What you should do — Set down every entry exactly as it was written.

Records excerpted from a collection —

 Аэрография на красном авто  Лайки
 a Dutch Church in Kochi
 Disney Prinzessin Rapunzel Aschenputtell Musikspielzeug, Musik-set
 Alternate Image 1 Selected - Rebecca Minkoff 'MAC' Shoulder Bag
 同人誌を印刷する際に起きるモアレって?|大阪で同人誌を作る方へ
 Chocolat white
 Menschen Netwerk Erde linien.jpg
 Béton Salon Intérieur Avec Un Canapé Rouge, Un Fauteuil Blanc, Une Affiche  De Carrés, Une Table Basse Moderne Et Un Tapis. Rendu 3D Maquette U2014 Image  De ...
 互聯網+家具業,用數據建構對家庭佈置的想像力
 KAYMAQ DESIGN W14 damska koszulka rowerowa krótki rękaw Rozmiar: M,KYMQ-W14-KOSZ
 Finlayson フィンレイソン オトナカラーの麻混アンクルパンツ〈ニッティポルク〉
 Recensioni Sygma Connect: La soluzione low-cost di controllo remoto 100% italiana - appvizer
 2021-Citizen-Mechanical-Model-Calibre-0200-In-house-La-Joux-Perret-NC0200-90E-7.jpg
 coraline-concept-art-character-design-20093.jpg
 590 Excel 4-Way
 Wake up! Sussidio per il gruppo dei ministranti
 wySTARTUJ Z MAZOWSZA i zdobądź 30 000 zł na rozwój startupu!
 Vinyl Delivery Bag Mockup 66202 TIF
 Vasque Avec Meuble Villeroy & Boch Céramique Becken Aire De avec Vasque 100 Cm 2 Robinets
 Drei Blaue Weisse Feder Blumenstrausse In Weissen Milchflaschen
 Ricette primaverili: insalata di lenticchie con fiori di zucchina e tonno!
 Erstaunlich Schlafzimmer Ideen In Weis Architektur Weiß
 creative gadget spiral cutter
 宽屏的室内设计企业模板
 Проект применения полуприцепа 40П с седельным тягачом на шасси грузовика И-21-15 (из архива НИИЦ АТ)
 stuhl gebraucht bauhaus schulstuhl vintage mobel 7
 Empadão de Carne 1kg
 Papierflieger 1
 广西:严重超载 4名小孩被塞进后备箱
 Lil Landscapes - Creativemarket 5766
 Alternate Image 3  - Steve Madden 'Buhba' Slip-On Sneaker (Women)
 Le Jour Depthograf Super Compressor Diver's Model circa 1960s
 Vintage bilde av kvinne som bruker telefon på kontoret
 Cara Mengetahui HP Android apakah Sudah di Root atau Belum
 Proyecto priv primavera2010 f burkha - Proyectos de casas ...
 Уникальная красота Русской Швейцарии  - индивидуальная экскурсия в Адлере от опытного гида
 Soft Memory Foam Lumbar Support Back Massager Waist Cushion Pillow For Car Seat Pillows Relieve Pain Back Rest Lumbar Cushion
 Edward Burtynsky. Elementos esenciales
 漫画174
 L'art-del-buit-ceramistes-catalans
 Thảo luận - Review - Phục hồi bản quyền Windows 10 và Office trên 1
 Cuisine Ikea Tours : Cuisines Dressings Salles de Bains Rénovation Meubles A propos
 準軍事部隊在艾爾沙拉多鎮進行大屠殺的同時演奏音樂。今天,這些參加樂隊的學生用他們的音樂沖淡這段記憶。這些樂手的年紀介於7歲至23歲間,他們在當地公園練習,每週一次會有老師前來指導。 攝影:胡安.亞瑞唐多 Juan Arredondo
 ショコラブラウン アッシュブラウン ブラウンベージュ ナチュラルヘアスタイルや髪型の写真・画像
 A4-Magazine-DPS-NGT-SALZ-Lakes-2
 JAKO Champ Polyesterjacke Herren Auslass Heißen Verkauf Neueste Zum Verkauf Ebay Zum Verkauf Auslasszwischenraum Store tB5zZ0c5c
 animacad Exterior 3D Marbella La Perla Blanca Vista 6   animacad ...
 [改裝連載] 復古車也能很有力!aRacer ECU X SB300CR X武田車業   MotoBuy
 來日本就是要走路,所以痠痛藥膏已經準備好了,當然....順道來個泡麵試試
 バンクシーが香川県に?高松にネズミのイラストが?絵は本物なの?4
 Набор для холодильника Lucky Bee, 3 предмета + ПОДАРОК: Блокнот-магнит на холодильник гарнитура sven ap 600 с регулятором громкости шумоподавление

Answer for this exercise —
 Аэрография на красном авто  Лайки
 a Dutch Church in Kochi
 Disney Prinzessin Rapunzel Aschenputtell Musikspielzeug, Musik-set
 Alternate Image 1 Selected - Rebecca Minkoff 'MAC' Shoulder Bag
 同人誌を印刷する際に起きるモアレって?|大阪で同人誌を作る方へ
 Chocolat white
 Menschen Netwerk Erde linien.jpg
 Béton Salon Intérieur Avec Un Canapé Rouge, Un Fauteuil Blanc, Une Affiche  De Carrés, Une Table Basse Moderne Et Un Tapis. Rendu 3D Maquette U2014 Image  De ...
 互聯網+家具業,用數據建構對家庭佈置的想像力
 KAYMAQ DESIGN W14 damska koszulka rowerowa krótki rękaw Rozmiar: M,KYMQ-W14-KOSZ
 Finlayson フィンレイソン オトナカラーの麻混アンクルパンツ〈ニッティポルク〉
 Recensioni Sygma Connect: La soluzione low-cost di controllo remoto 100% italiana - appvizer
 2021-Citizen-Mechanical-Model-Calibre-0200-In-house-La-Joux-Perret-NC0200-90E-7.jpg
 coraline-concept-art-character-design-20093.jpg
 590 Excel 4-Way
 Wake up! Sussidio per il gruppo dei ministranti
 wySTARTUJ Z MAZOWSZA i zdobądź 30 000 zł na rozwój startupu!
 Vinyl Delivery Bag Mockup 66202 TIF
 Vasque Avec Meuble Villeroy & Boch Céramique Becken Aire De avec Vasque 100 Cm 2 Robinets
 Drei Blaue Weisse Feder Blumenstrausse In Weissen Milchflaschen
 Ricette primaverili: insalata di lenticchie con fiori di zucchina e tonno!
 Erstaunlich Schlafzimmer Ideen In Weis Architektur Weiß
 creative gadget spiral cutter
 宽屏的室内设计企业模板
 Проект применения полуприцепа 40П с седельным тягачом на шасси грузовика И-21-15 (из архива НИИЦ АТ)
 stuhl gebraucht bauhaus schulstuhl vintage mobel 7
 Empadão de Carne 1kg
 Papierflieger 1
 广西:严重超载 4名小孩被塞进后备箱
 Lil Landscapes - Creativemarket 5766
 Alternate Image 3  - Steve Madden 'Buhba' Slip-On Sneaker (Women)
 Le Jour Depthograf Super Compressor Diver's Model circa 1960s
 Vintage bilde av kvinne som bruker telefon på kontoret
 Cara Mengetahui HP Android apakah Sudah di Root atau Belum
 Proyecto priv primavera2010 f burkha - Proyectos de casas ...
 Уникальная красота Русской Швейцарии  - индивидуальная экскурсия в Адлере от опытного гида
 Soft Memory Foam Lumbar Support Back Massager Waist Cushion Pillow For Car Seat Pillows Relieve Pain Back Rest Lumbar Cushion
 Edward Burtynsky. Elementos esenciales
 漫画174
 L'art-del-buit-ceramistes-catalans
 Thảo luận - Review - Phục hồi bản quyền Windows 10 và Office trên 1
 Cuisine Ikea Tours : Cuisines Dressings Salles de Bains Rénovation Meubles A propos
 準軍事部隊在艾爾沙拉多鎮進行大屠殺的同時演奏音樂。今天,這些參加樂隊的學生用他們的音樂沖淡這段記憶。這些樂手的年紀介於7歲至23歲間,他們在當地公園練習,每週一次會有老師前來指導。 攝影:胡安.亞瑞唐多 Juan Arredondo
 ショコラブラウン アッシュブラウン ブラウンベージュ ナチュラルヘアスタイルや髪型の写真・画像
 A4-Magazine-DPS-NGT-SALZ-Lakes-2
 JAKO Champ Polyesterjacke Herren Auslass Heißen Verkauf Neueste Zum Verkauf Ebay Zum Verkauf Auslasszwischenraum Store tB5zZ0c5c
 animacad Exterior 3D Marbella La Perla Blanca Vista 6   animacad ...
 [改裝連載] 復古車也能很有力!aRacer ECU X SB300CR X武田車業   MotoBuy
 來日本就是要走路,所以痠痛藥膏已經準備好了,當然....順道來個泡麵試試
 バンクシーが香川県に?高松にネズミのイラストが?絵は本物なの?4
 Набор для холодильника Lucky Bee, 3 предмета + ПОДАРОК: Блокнот-магнит на холодильник гарнитура sven ap 600 с регулятором громкости шумоподавление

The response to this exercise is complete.